It is known to provide an inflatable vehicle occupant protection device, such as an airbag, for helping to protect an occupant of a vehicle. Airbags are deployable in response to the occurrence of an event for which occupant protection is desired, such as an impact to the vehicle, a vehicle collision, a vehicle rollover, or a combination thereof. Frontal collisions refer to collision events in which a vehicle experiences an impact at the front of the vehicle. These frontal collisions cause front seat vehicle occupants to move forward in the vehicle toward structures, such as the steering wheel (driver side occupant) and/or the instrument panel (passenger side occupant).
Frontal collisions of a vehicle can occur as a result of the vehicle travelling forward into an object, such as another vehicle, a tree, a pole, etc. Frontal collisions can also occur as a result of a stationary vehicle being impacted at the front by another vehicle. Frontal collisions can further occur as a result of two or more moving vehicles moving toward each other in a “head on” impact.
To help protect occupants of vehicles involved in frontal collisions, the vehicle can be equipped with frontal airbags. On the passenger side of the vehicle, passenger frontal airbags are typically deployed from a housing located within the instrument panel of the vehicle. Because the occupant on the passenger side is not charged with operating the vehicle, the passenger driver frontal airbag can be configured to cover a large area in front of the front passenger seat, i.e., the instrument panel, windshield, etc., and can extend laterally, in both outboard and inboard directions in the vehicle, for example, from adjacent or near the passenger door to adjacent or near the centerline of the instrument panel or even beyond.
The inflatable volume of passenger frontal airbags increases with the coverage that the airbag provides. Passenger airbags also typically have a substantial depth, so as to optimize the cushioning effect it has on an impacting occupant.

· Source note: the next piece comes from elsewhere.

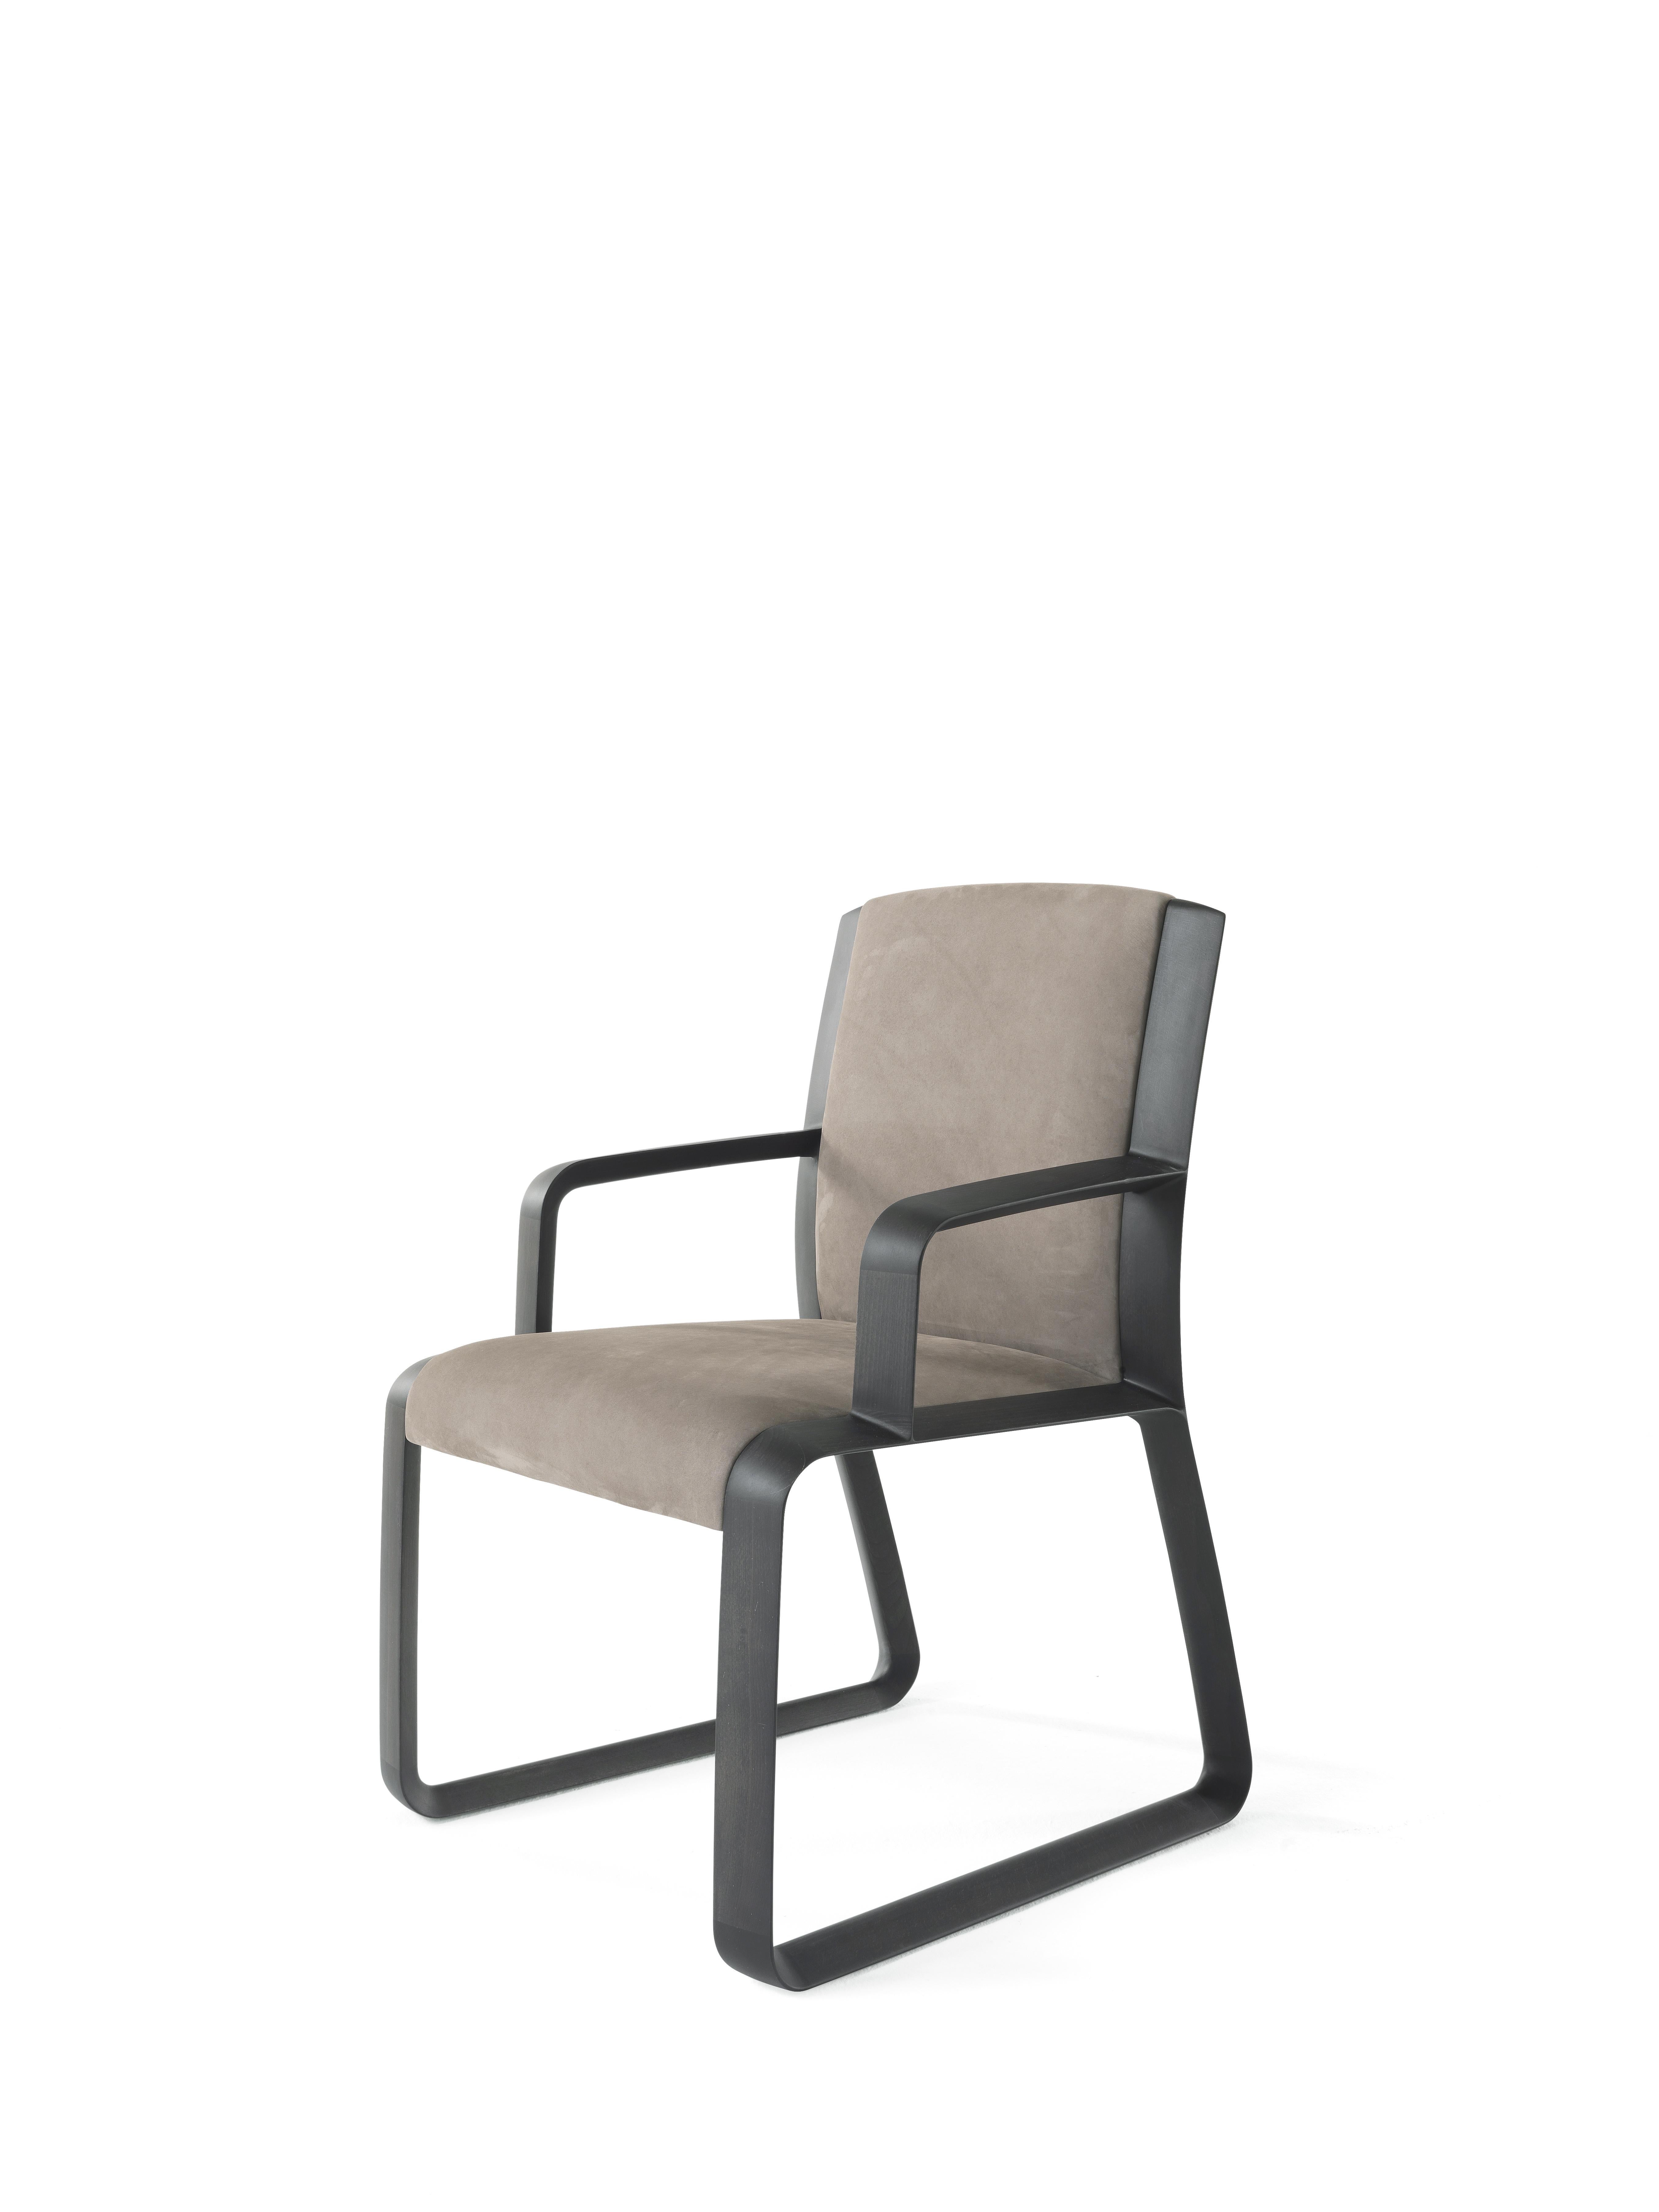 Eine minimalistische Ästhetik und ein bequemer Sitz werden durch die sinnliche Nubuk-Polsterung des Wynwood-Stuhls unterstrichen. Höhe, Größe und Design sind so konzipiert, dass sie raffinierte, aber schlichte Schreibtische oder Esstische

Passenger frontal airbags need to reach the inflated and deployed condition within a predetermined amount of time, which is a fraction of a second. To do this, the inflator is sized to deliver inflation fluid at a volumetric flow rate that will result in deployment of the airbag within the required time. All of these factors must be considered and balanced when configuring a passenger frontal airbag system. There are limitations on inflator size (the volume of inflation fluid delivered by the inflator and the rate at which it is delivered) and, because of this, the configuration of the airbag (coverage, depth, volume, etc.) has to be matched and balanced accordingly. As a result, it can be desirable to optimize the passenger airbag in terms of coverage and depth, given the capabilities of the inflator.

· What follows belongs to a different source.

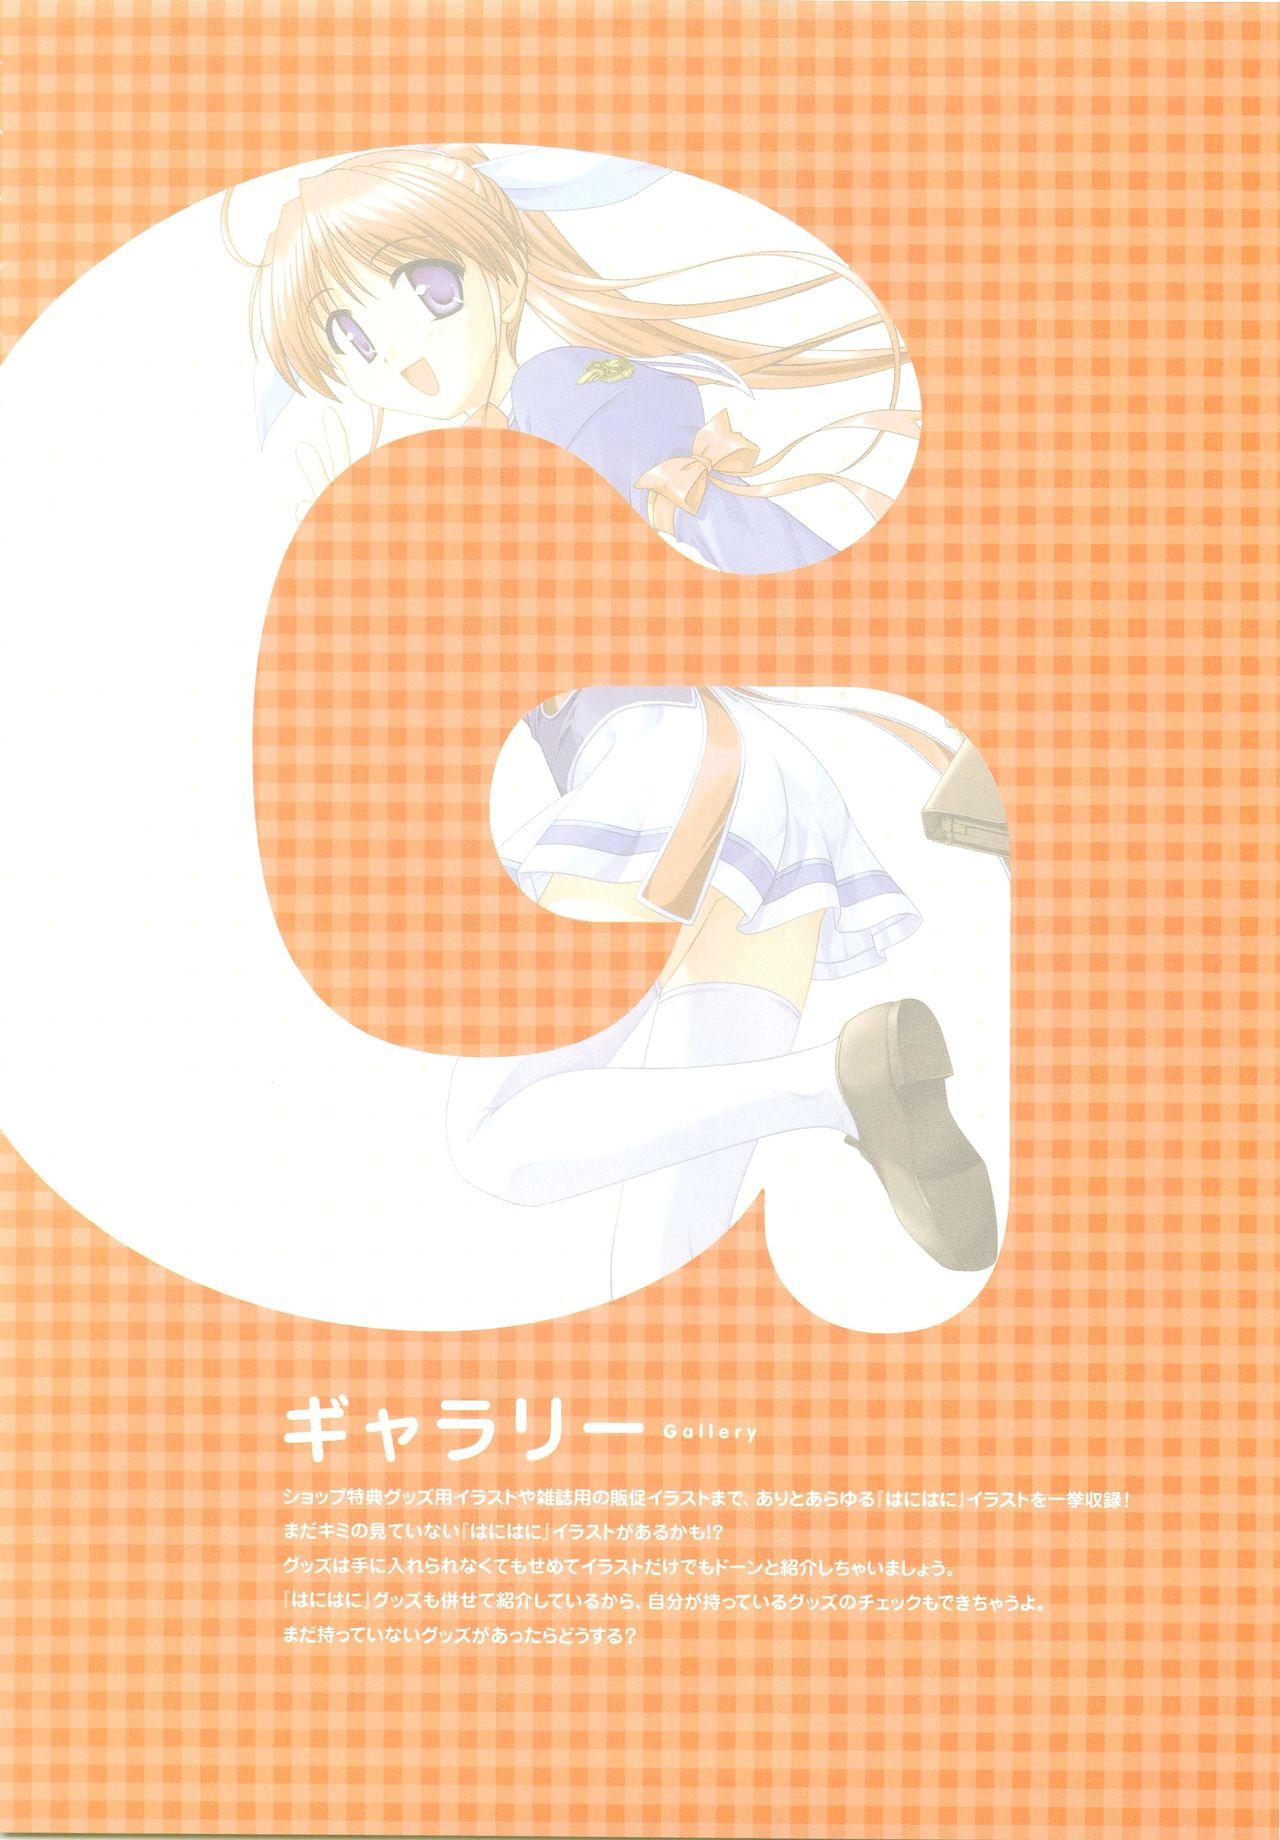 Tsuki wa Higashi ni Hi wa Nishi ni - Operation Sanctuary - Visual Fan Book Shokai Ban 201

On the driver side of the vehicle, driver frontal airbags are typically deployed from a housing located within the steering wheel. Because the occupant on the driver side is charged with operating the vehicle, the driver frontal airbag has to be configured with this in mind. For example, the operator may not be steering the vehicle in a straight forward direction at the time of the collision and, therefore, the steering wheel can be rotated when the airbag deploys. Because of this, steering wheel mounted airbags typically have a round/circular cushion configuration that coincides with the position and attitude of the steering wheel. Additionally, the driver frontal airbag must be configured taking into account that the operator of the vehicle will likely have one or both hands on the steering wheel at the time a collision takes place. Because of this, the steering wheel mounted airbag can be configured to have a diameter that is selected to provide adequate frontal impact protection while avoiding airbag deployment into contact with the operator's hands and arms.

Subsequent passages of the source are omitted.